When the cosmetic composition containing the nano resveratrol suspension is used, the nano resveratrol can be uniformly distributed on the inner layer and the outer layer of the skin, so that good and durable skin whitening and anti-oxidation effects can be shown, and especially the effect on chloasma is obvious.
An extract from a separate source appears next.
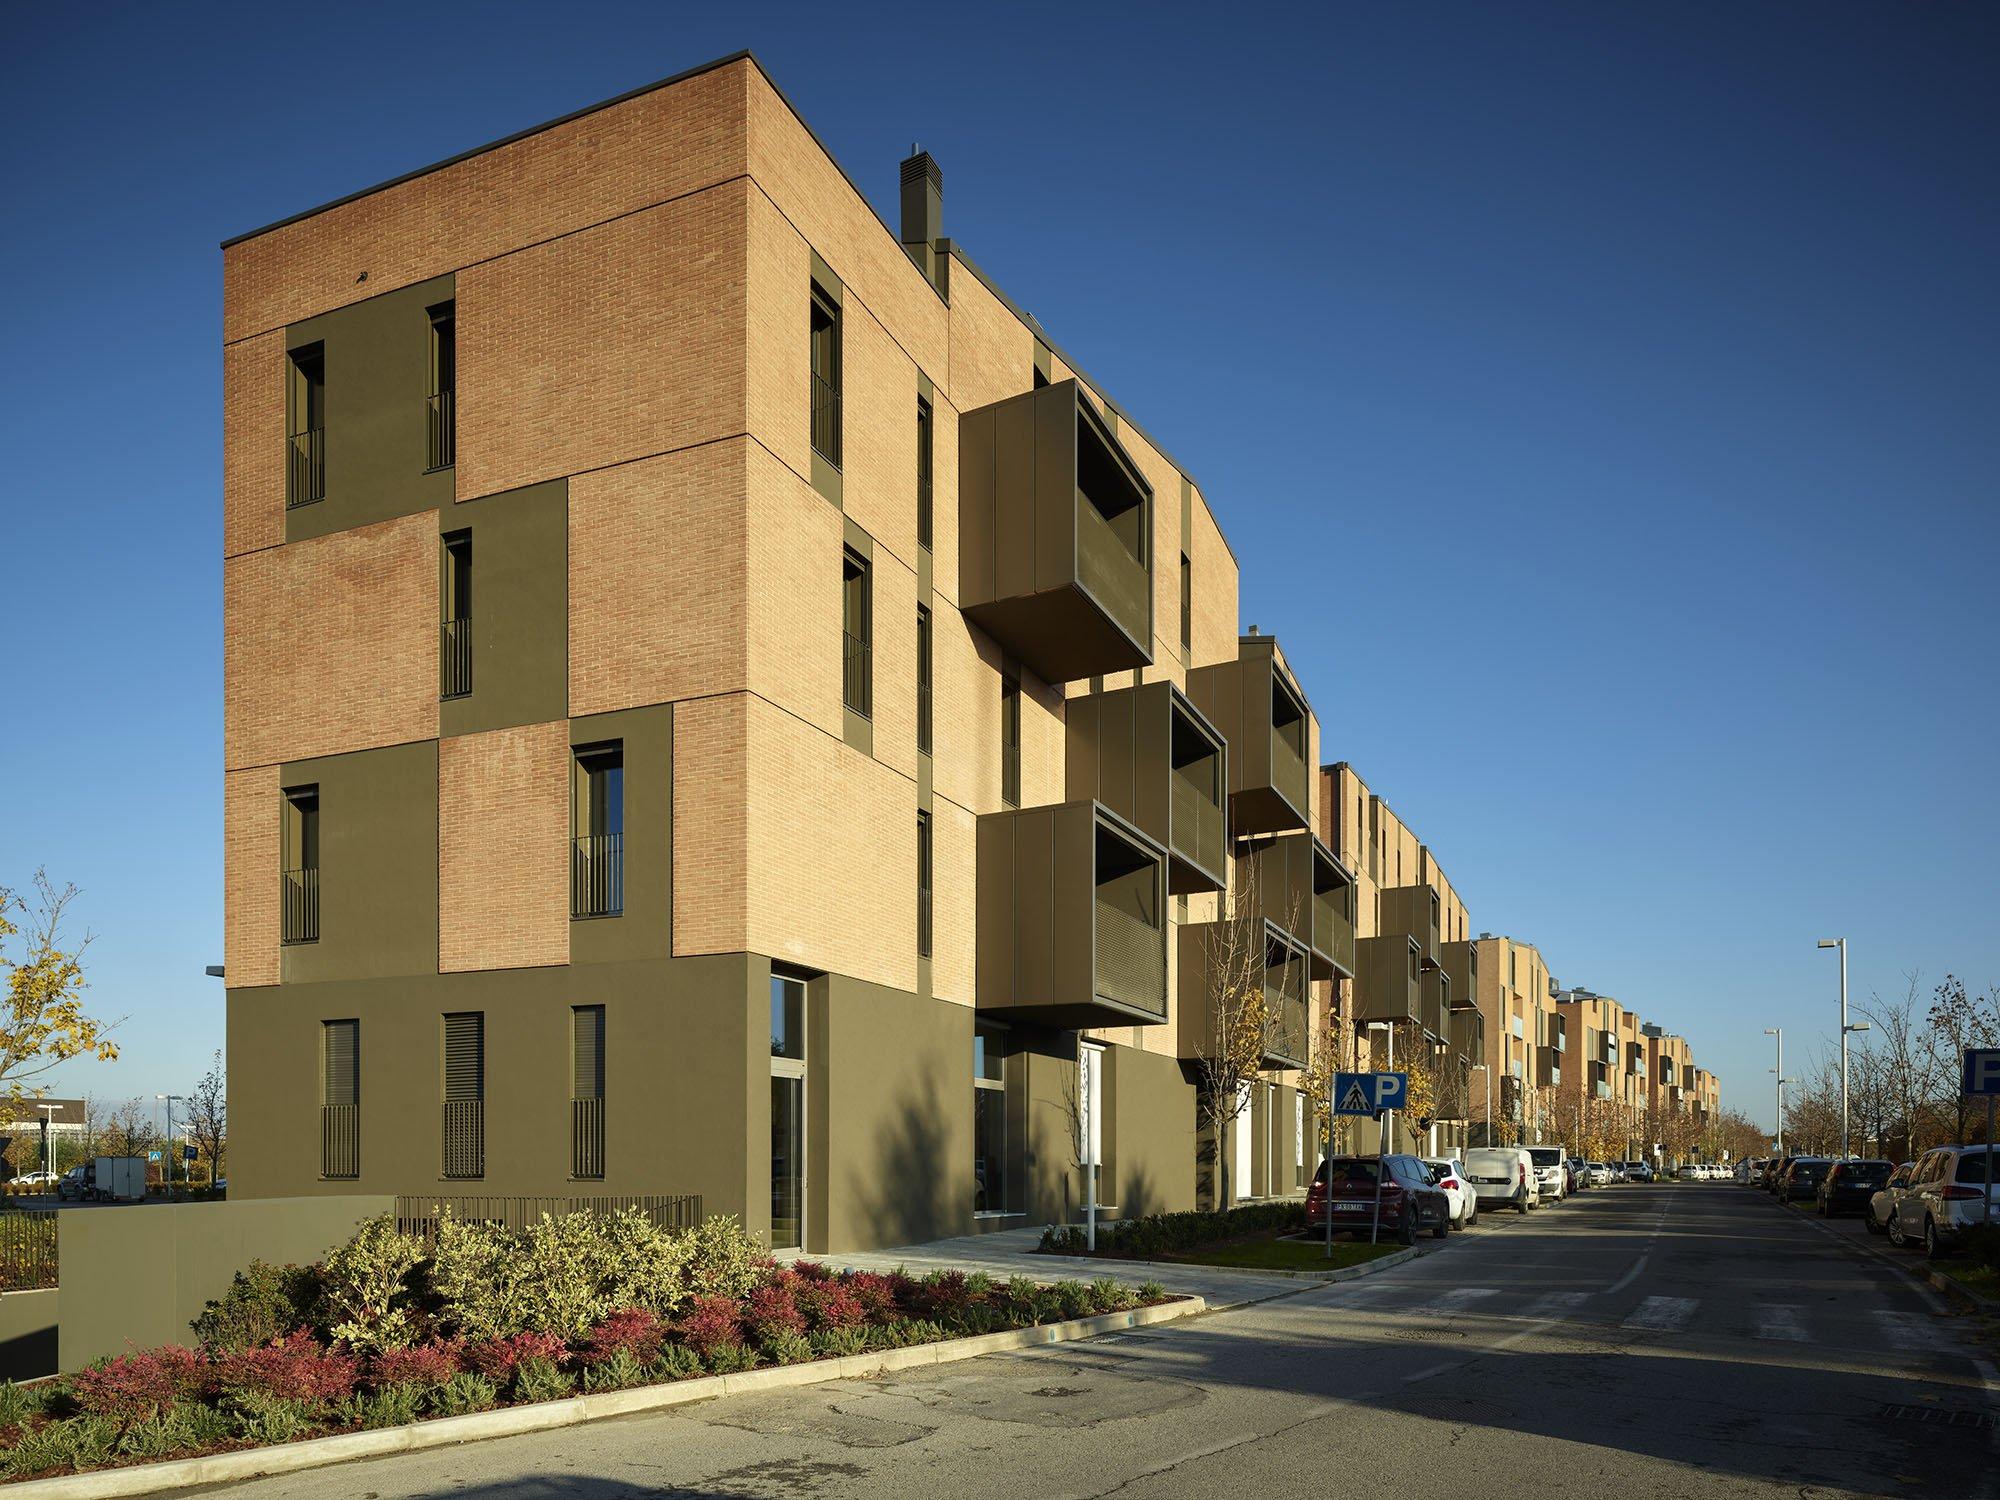 Residenze Area Ex Neri: Faenza gets a new urban backdrop

(2) The cosmetic composition containing the nano resveratrol suspension comprises a hyaluronic acid composition besides the nano resveratrol, wherein the hyaluronic acid composition comprises nano cross-linked hyaluronic acid gel with the particle size of 100-500 nm, hyaluronic acid with the molecular weight of less than 30 ten thousand and hyaluronic acid with the molecular weight of more than 30 ten thousand. The cosmetic composition has the moisturizing and repairing functions and is generated by the combined action of the nano resveratrol and the cross-linked sodium hyaluronate entering the deep layer of the skin from inside to outside, the hyaluronic acid on the surface of the skin from outside to inside and the like. The synergistic effect of the nano resveratrol, the nano cross-linked sodium hyaluronate and the hyaluronic acid with various molecular weights achieves the optimal moisturizing effect and the skin repairing effect.
Drawings
FIG. 1 is a graph of the particle size distribution of resveratrol in the suspension prepared in example 1;
FIG. 2 is a Zeta potential profile of the suspension prepared in example 1;
fig. 3 is a graph of the particle size distribution of resveratrol in the suspension prepared in example 2;
FIG. 4 is a graph of the particle size distribution of resveratrol in the suspension prepared in example 3;
FIG. 5 is a graph of the particle size distribution of resveratrol in the suspension prepared in example 4;
figure 6 is a graph of the particle size distribution of the nano cross-linked hyaluronic acid gel described in example 8.
Detailed Description
(example 1)
The preparation method of the nano resveratrol suspension of the embodiment comprises the following steps:
firstly, dissolving resveratrol with the purity of 90-99 percent (98 percent in the embodiment) in absolute ethyl alcohol to obtain a resveratrol ethanol solution, wherein the dosage of the ethanol ensures that the resveratrol is completely dissolved.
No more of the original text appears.